Structural inspections are essential for ensuring the safety and longevity of critical infrastructure, yet conventional nondestructive testing methods often involve labor intensive procedures, limited accessibility, and predefined scanning patterns that may not optimally capture complex or evolving defects. Building upon an ongoing work integrating robotic inspection, machine vision, and artificial intelligence for welding inspection, this study advances an automated inspection framework centered on collaborative robotic (cobot) systems and ultrasonic testing. The proposed project employs robotic controls to perform precise and repeatable ultrasonic testing, while also utilizing AI driven data analysis implemented in MATLAB for real time scan interpretation, flaw detection, and sizing. Unlike traditional predefined inspection approaches, the system incorporates adaptive robotic path planning based on calculated flaw locations, allowing the robotic platform to dynamically modify its scanning trajectory as defects are identified. This approach enables targeted scanning in regions of interest rather than pure reliance on predefined patterns, improving inspection efficiency and increasing the probability of detecting critical welding flaws. In addition, the AI framework considers material properties and ultrasonic wavelength selection relative to target flaw size, enabling optimization of inspection parameters for improved detection sensitivity and sizing accuracy. By accounting for ultrasonic wave behavior within different materials and weld geometries, the system enhances accuracy across varying structural conditions.
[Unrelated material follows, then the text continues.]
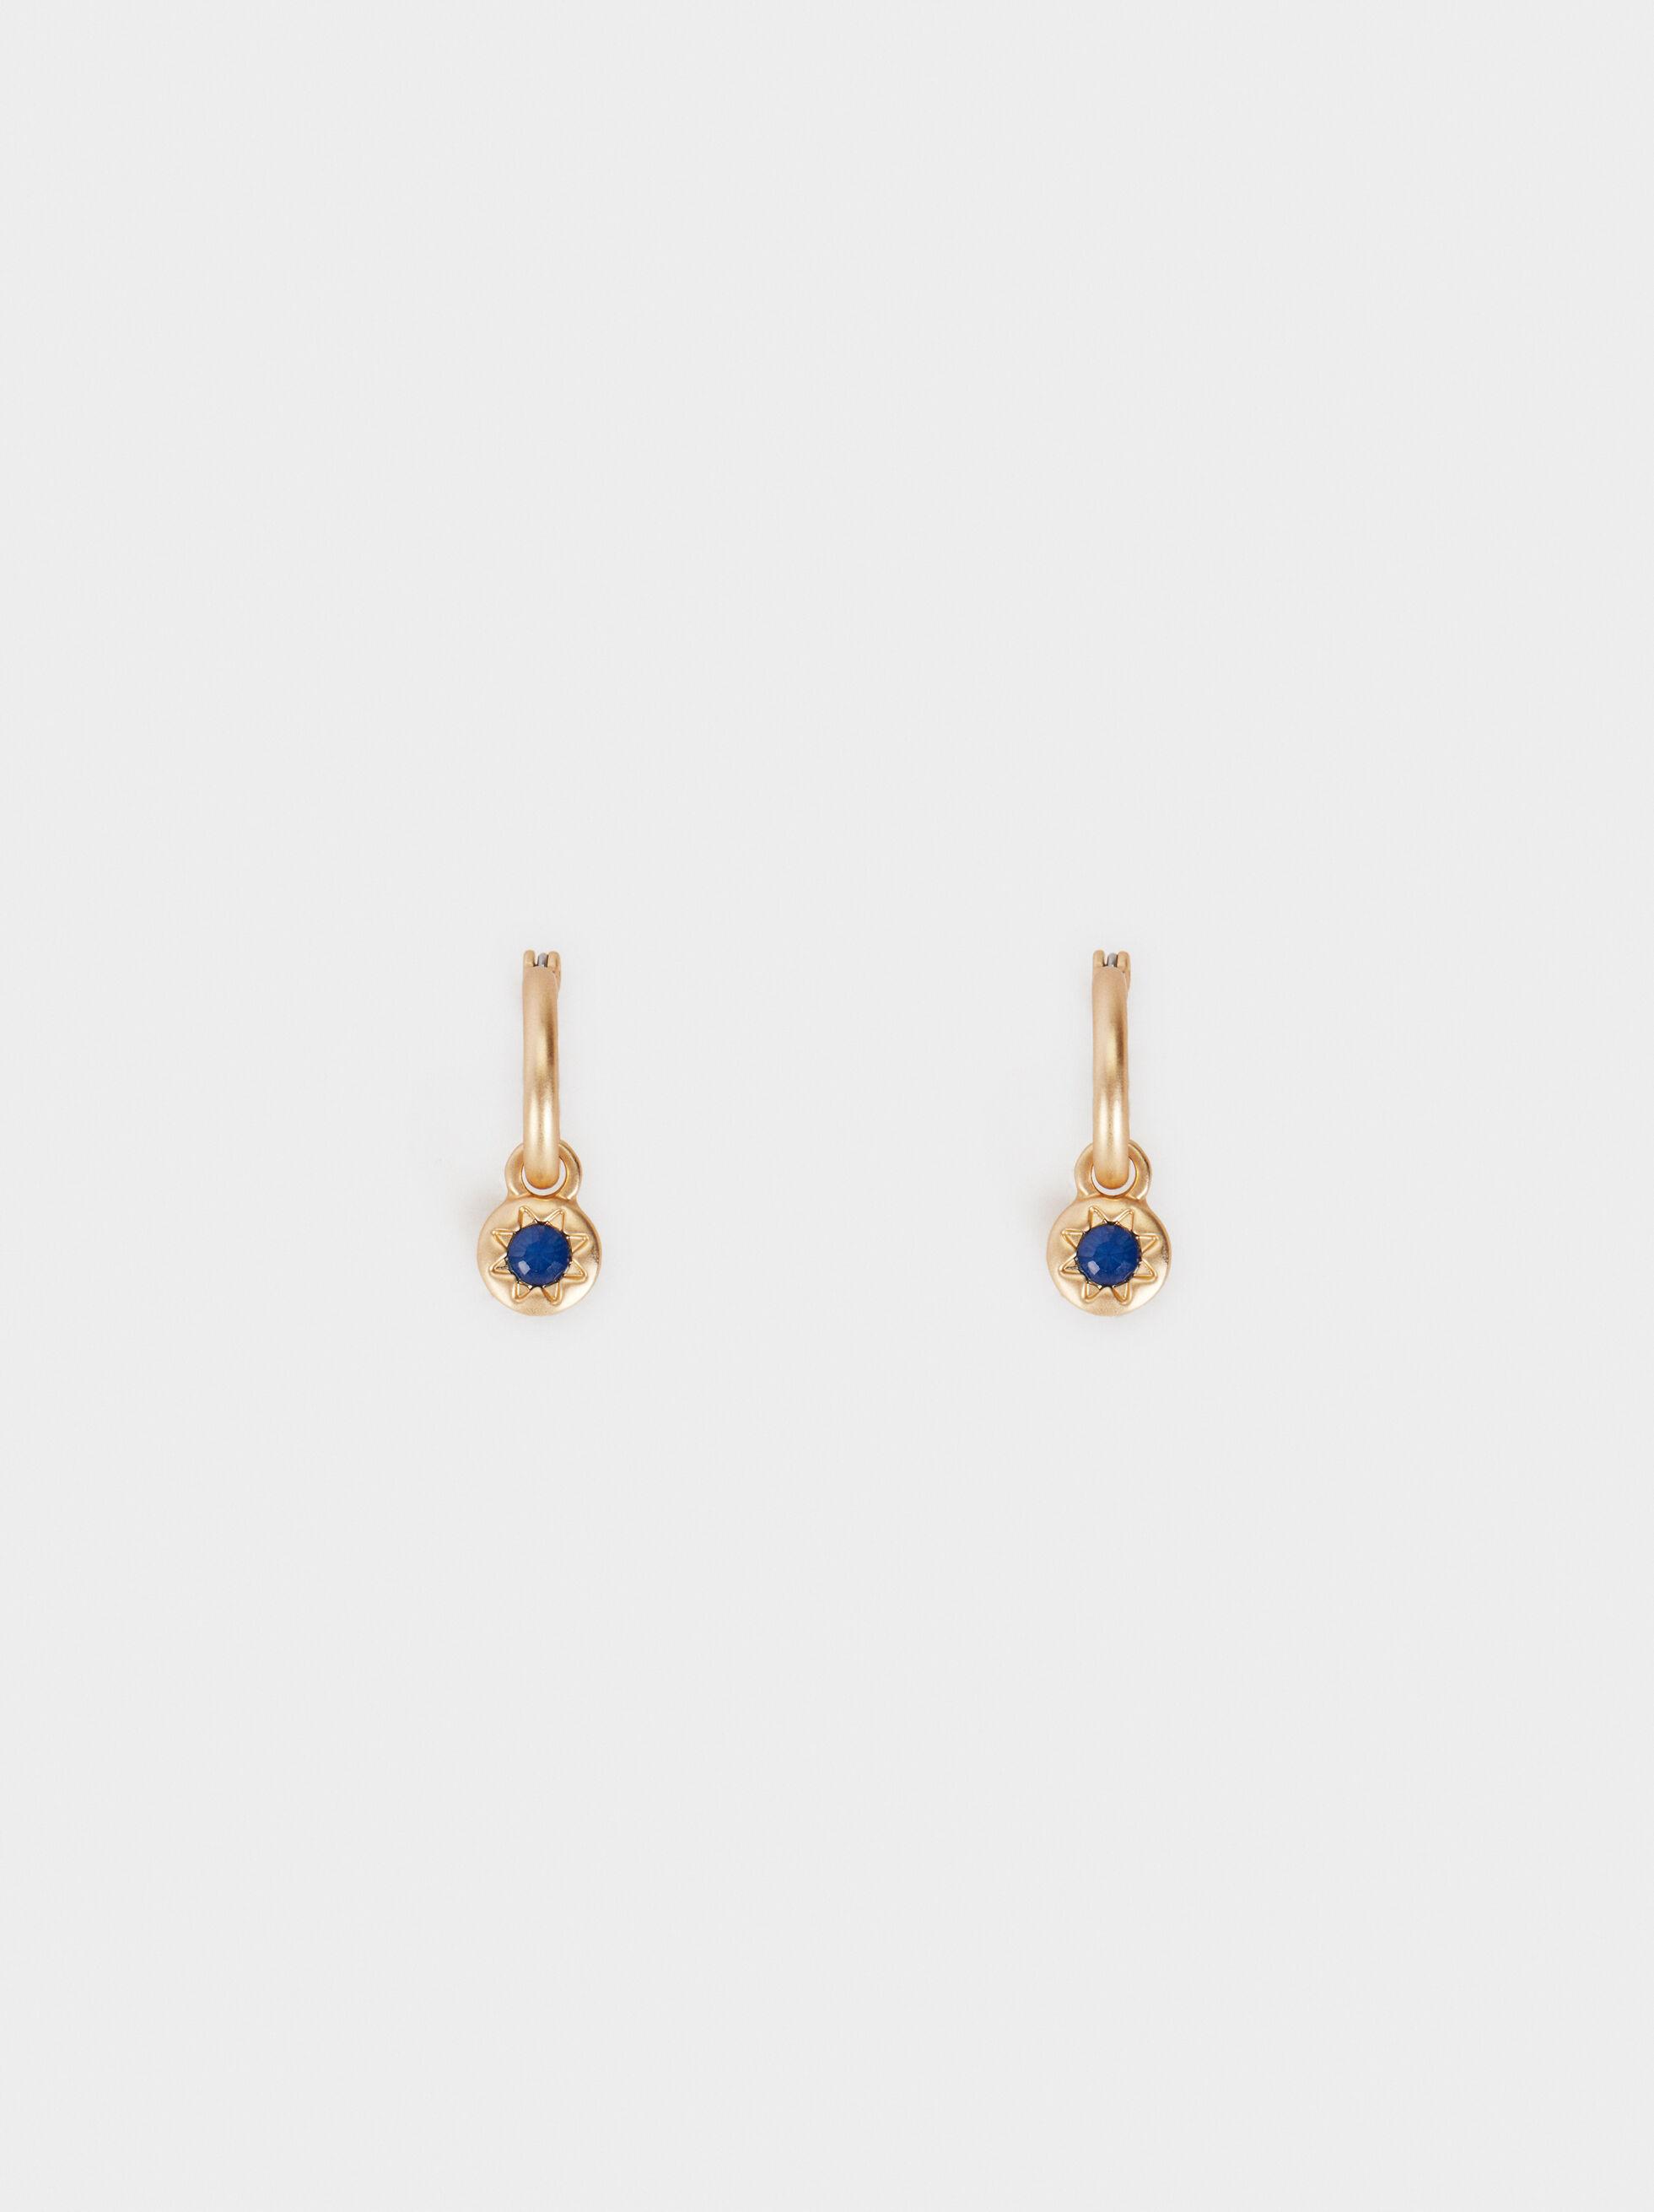 Zorba Small Shiny Hoop Earrings, Multicolor, hi-res

The integration of conventional ultrasonic testing, collaborative robotics, and MATLAB based AI analysis demonstrates strong potential to improve repeatability, consistency, and reliability in welding inspections while reducing operator dependency and field related challenges. This research presents a pathway toward intelligent and autonomous nondestructive evaluation systems capable of real time decision making, adaptive inspection strategies, and scalable deployment for infrastructure quality assurance and structural health monitoring.